30 septembre 2018

Van Gogh et Tintoret, la dérision et la joie : Venise au quotidien


Van Gogh et Tintoret, les églises en piteux état comme les mentalités, le regard triste des jeunes migrants africains contraints de mendier au coin des rues, l'indifférence des passants, les hordes de barbares qui arpentent la Piazza, le compteur de la pharmacie Morelli qui continue son chiffrage à rebours des vénitiens qui restent, et le rire des enfants qui jouent sur les campi le soir après l'école, tandis que de partout les cloches répandent leur chant joyeux qu'accompagnent les mouettes de leurs cris stridents... Venise au quotidien. C'est la fin de l'été. Bientôt l'automne et le temps va changer, hésitant quelques semaines encore entre la douceur des soirs d'août, le joli mois d'Auguste où sonne souvent le tonnerre, et la froidure insidieuse des matins sombres qui sera notre lot en novembre. Sauf manifestation inattendue mais prévisible du changement climatique. Peut-être devrait-on commencer de parler de révolution climatique...

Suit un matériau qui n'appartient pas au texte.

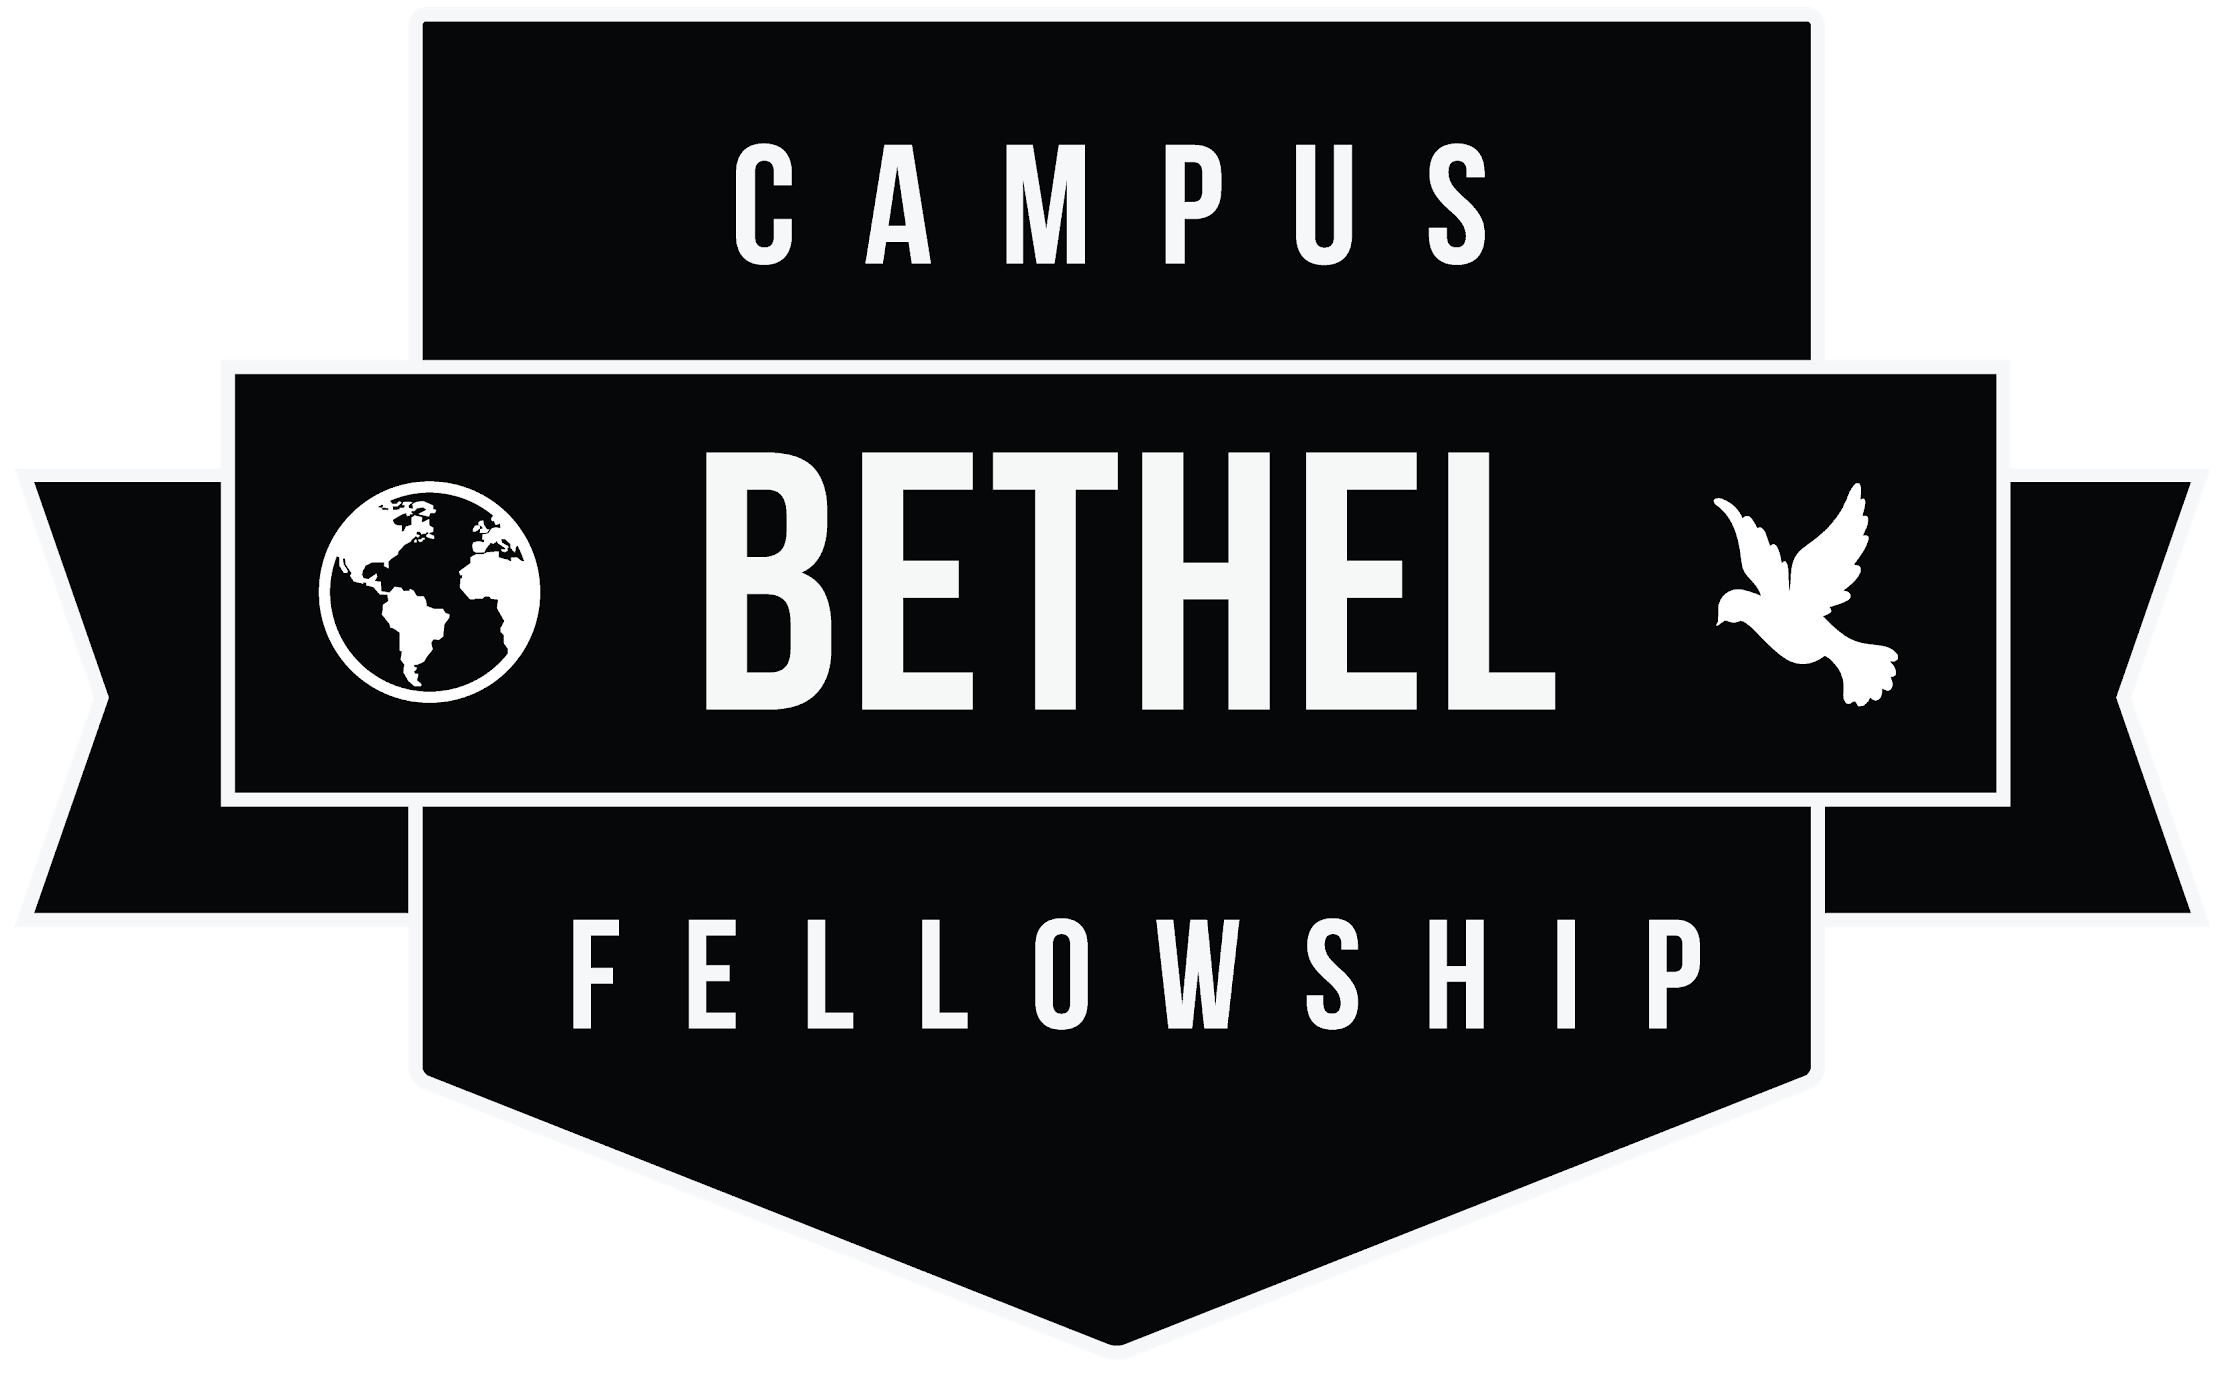 Bethel Campus Fellowship

Matteo Salvini s'en est retourné avec sa kyrielle de conseillers, de gardes du corps aux faciès de voyous et les soldats armés jusqu'aux dents ; brassage de vent, effets de manche et clichés façon jet set, comme ils font tous, ces fantoches grotesques qui partout s'emparent du pouvoir, mentent et trahissent à qui mieux mieux le peuple, entraînant le monde dans une scandaleuse fuite en avant nourrie par la peur, la propagande, le rêve et le clinquant. Démocrature, fascisme rampant ? La haine en tout cas qui pointe son nez de nouveau, même ici, à Venise... Les médias n'ont retenu que la beauté vénusienne de sa compagne. Cela ne vous rappelle rien ? On a eu un peu le même en France et puis juste après la version opposée mais tout aussi nauséabonde. Et le monde regarde médusé ces incultes et leurs filles de joie accaparer le pouvoir et tout saccager...

L'égérie du vice-premier Matteo Salvini ou le retour des satrapes
 
L'Italie entre les mains d'un gouvernement populiste, le premier d'Europe occidentale... En tout cas le premier qui dit son nom. Cela ne durera pas, du moins faut-il l'espérer. Les italiens méritent tellement mieux que ça... Mais passons aux choses sérieuses, et parlons de ceux qui font vraiment bouger les choses sans regarder les résultats des sondages ni de la bourse. Ceux qui ont de véritables convictions et le sens de l'autre... 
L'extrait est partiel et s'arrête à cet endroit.